Впрочем, «встречи» случались. Например, если Даль пел где-нибудь в гостях, а слух у него, по слову самого Дмитрия Шостаковича, был абсолютный, голос – замечательный, вспомнить хотя бы, как он исполнял «Есть только миг» или «Дороги». Музыка позволяла «тем двоим» ни о чем не разговаривать и понимать друг друга с помощью одной лишь небесной гармонии. Встречались они и когда Даль шутил. «Я смотрю на его худое лицо, прищуренные глаза, и мне кажется, он улыбается или видит что-то такое, что кажется ему немножко смешным» – так устами персонажа из «Собачьего вальса» он, по сути, описал свою внешность. Улыбка играла в уголках рта, пробивалась сквозь его осанку, походку, да все движения, и игра – актерство – становилась естеством.

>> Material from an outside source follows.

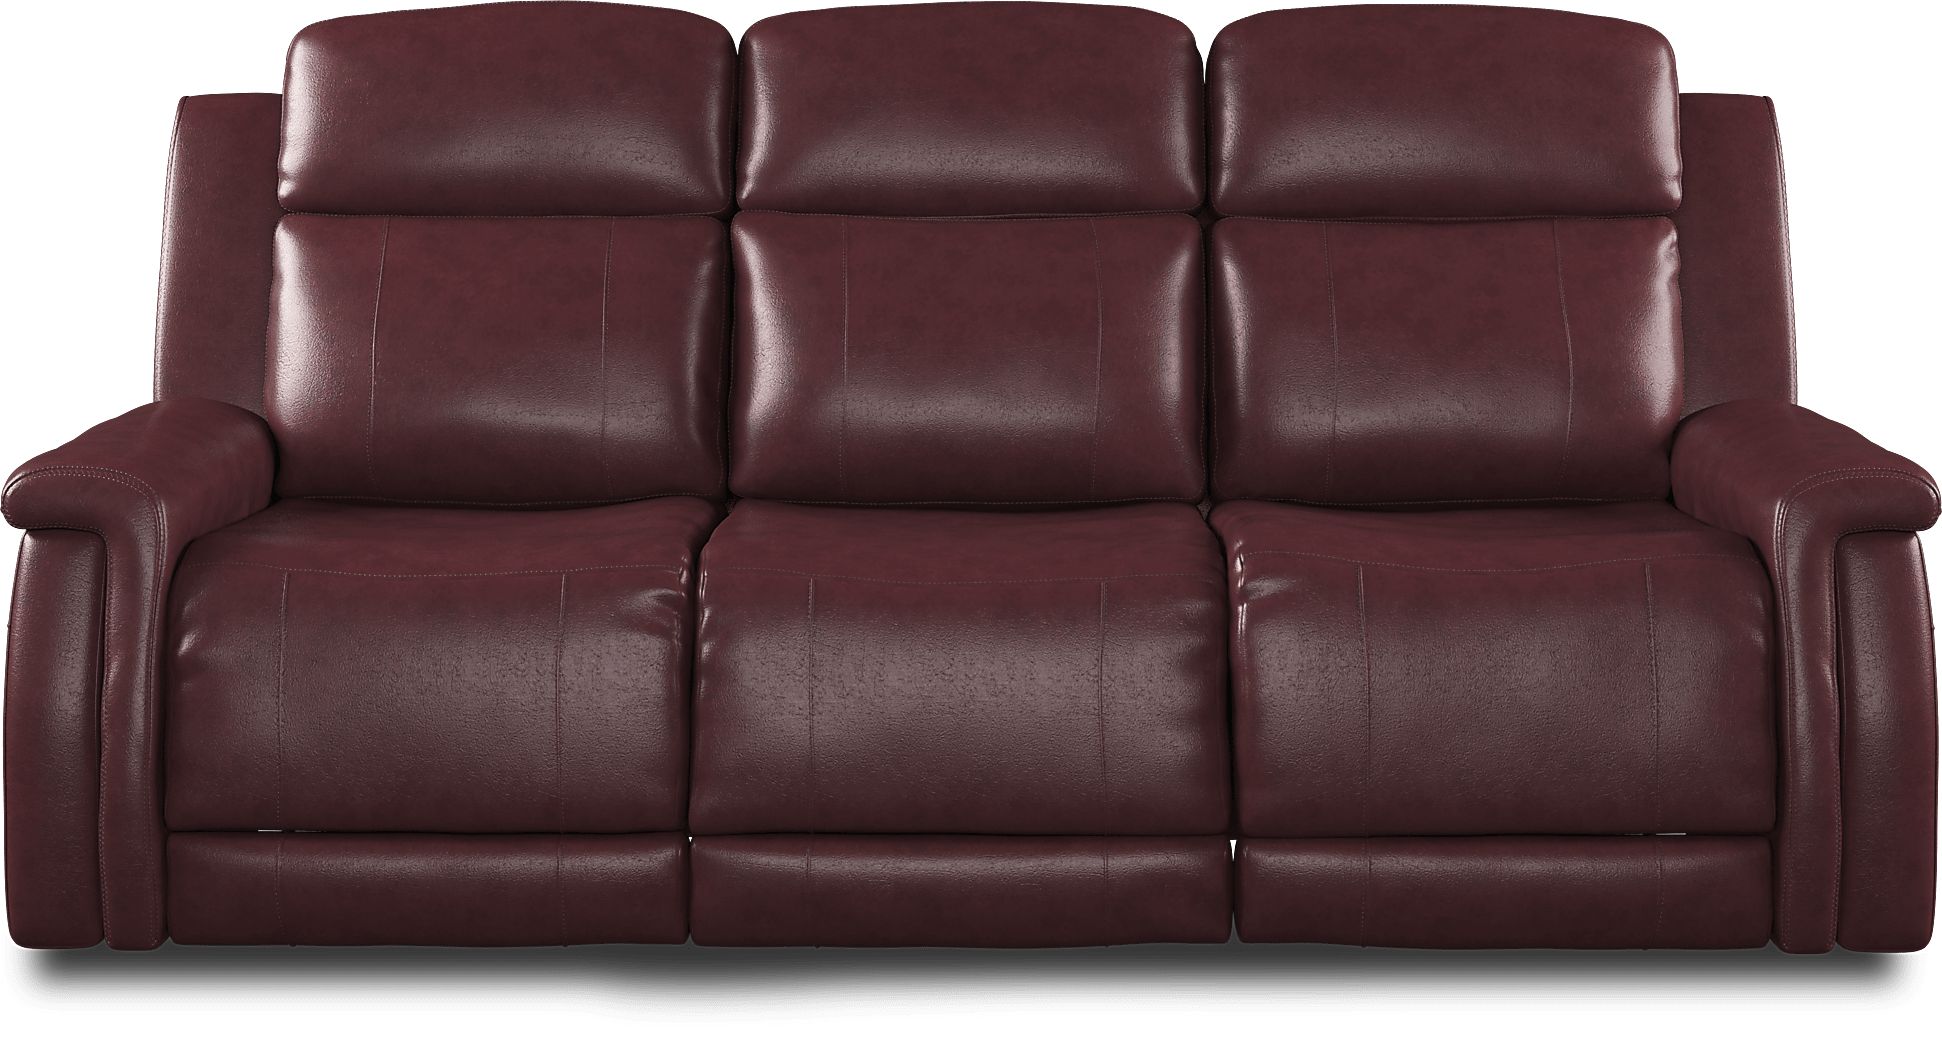 Orsini Red Leather 8 Pc Dual Power Reclining Living Room

А иногда Даль, добытчик в своей семье, входил в дом и бросал к ногам любимых женщин стопку заработанных купюр. То был жест человека, презиравшего деньги, но какой актерский, какой легкий и остроумный жест!.. И потому не догадаться было, кто из «них двоих» сорит деньгами.
Однажды Лиза собиралась к маме, жившей тогда еще в Ленинграде, а муж с утра был недоволен и недоступен, даже «до свидания» не сказал. Всю дорогу до аэропорта Лиза плакала. Там взяла в буфете кефир, села за столик, налила кефир в стакан, отвлеклась, а когда повернулась – стакана не было. Подняла глаза – сидит напротив Олег, ее стакан в руках вертит, а глаза мокрые. В тот момент все в нем переплелось – лицедейство с жизнью, и не оттого ли были его слезы счастливые?.. Встретился он, в сущности, не с ней – с «тем».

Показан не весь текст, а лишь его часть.